Learning objectives:  System providers and carriers will learn how they can deploy FTTH more cost-effectively than ever before and meet demand for “triple-play” voice, data and video services.

Presentation summary:  Photonics technology has played a pivotal role in fostering and enabling the Broadband Revolution even before the term and the concept were articulated. The invention of semiconductor lasers and detectors, low-loss optical fiber and, later, optical amplifiers, made long-distance data transport feasible.

Now, as telecom operators look to meet consumer and business demand for high-bandwidth voice, data and video services – and differentiate themselves from competitors – there is more of an imperative than ever before to extend photonics technology into FTTH networks.
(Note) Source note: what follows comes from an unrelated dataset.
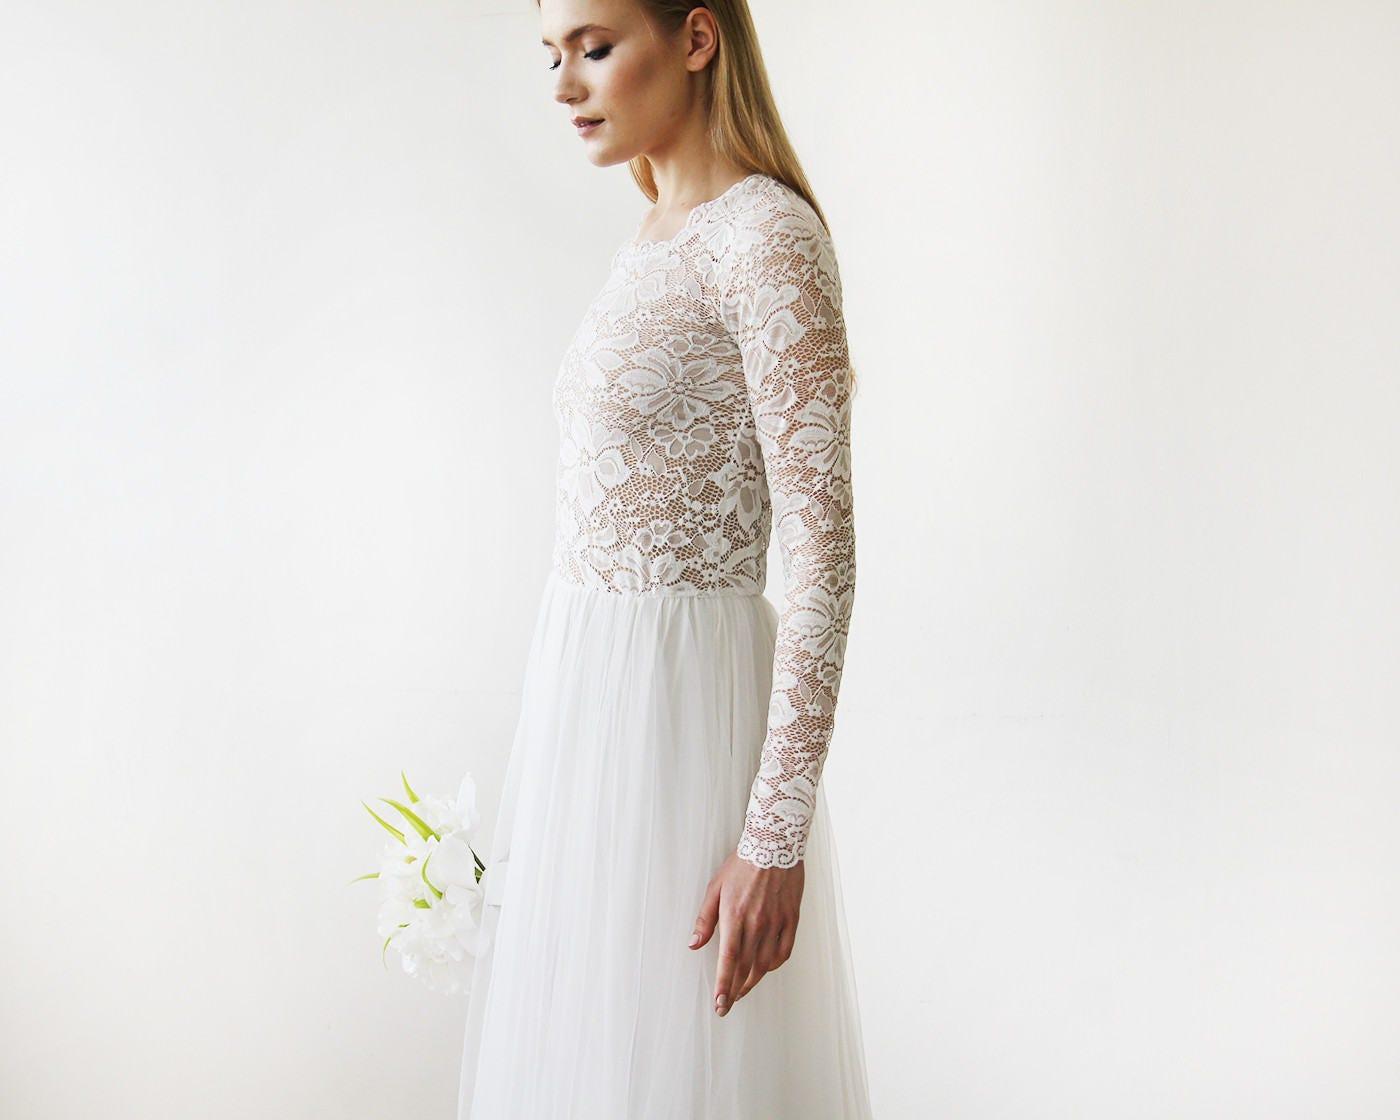 Hochzeit Kleid runden Ausschnitt lange Ärmel schiere Spitzen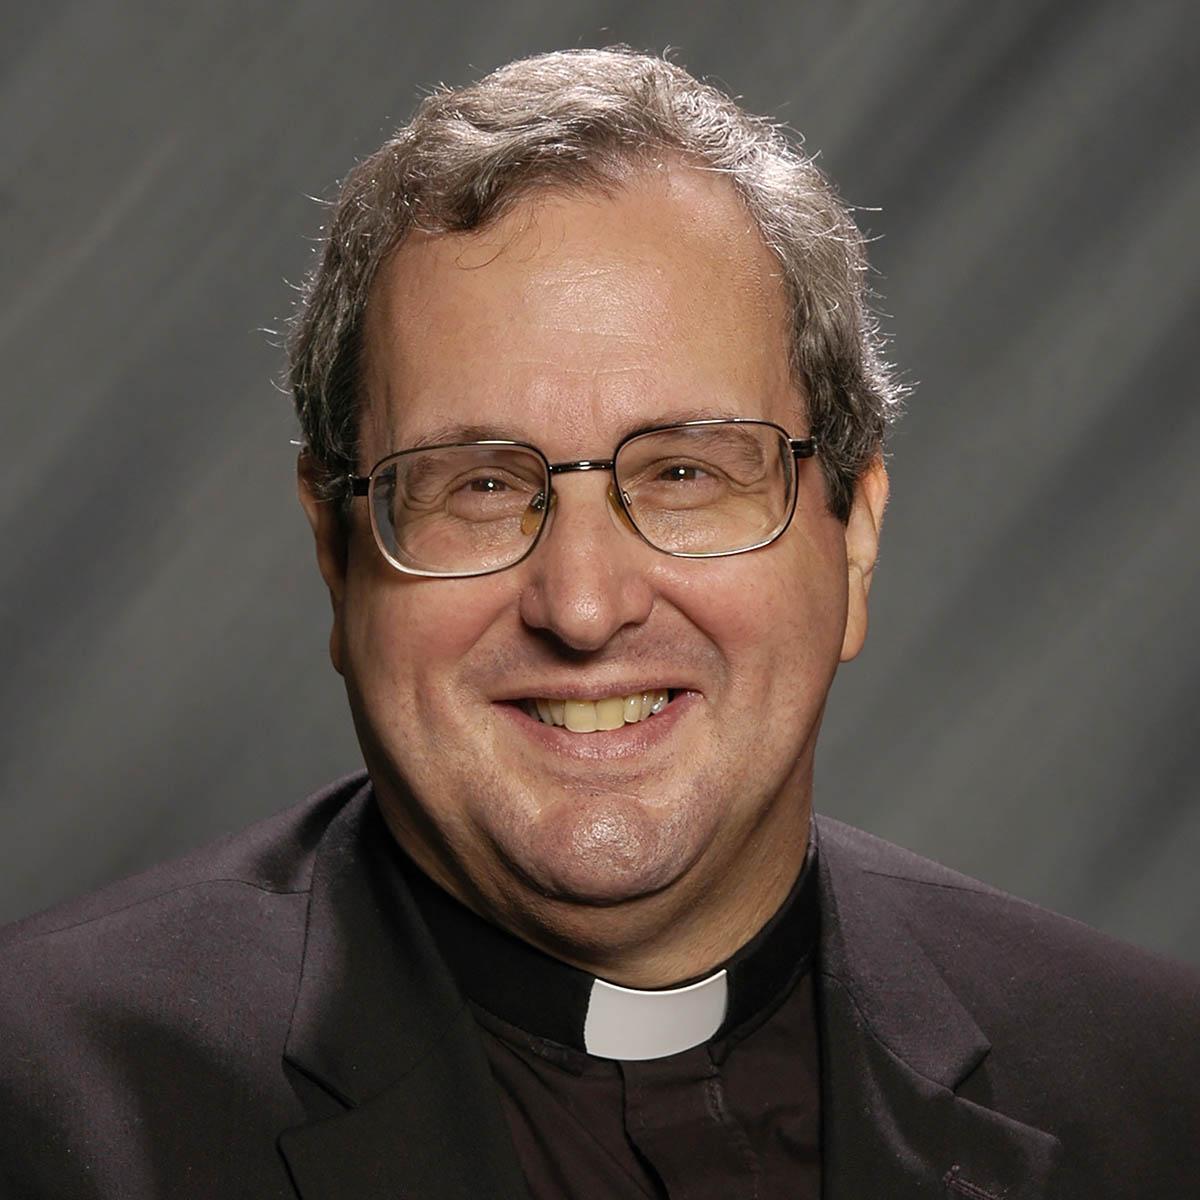 Fr Robert Spitzer

Because of this imperative to extend the frontiers of optical system performance, integration of photonic devices into Photonic Integrated Circuits (PICs) has long been foreseen, but only recently commercially realized in long-reach optical transport systems.

However, the application of photonics integration into cost-sensitive, high-volume applications such as EPON and GPON transceivers for FTTH systems has been impaired by the lack of a cost-effective photonic integration technology.

Manufacturers of PON transceivers have, therefore, employed conventional optical assembly techniques. Planar Lightwave Circuits (PLCs) have taken an initial step into bringing optical assemblies into the "printed circuit board era."

Recently, a new approach to monolithically integrating photonic devices onto single semiconductor die – using  low-cost device designs and processing – is promising to propel the Broadband Revolution into the "integrated circuit era" even for very cost-sensitive applications such as FTTH.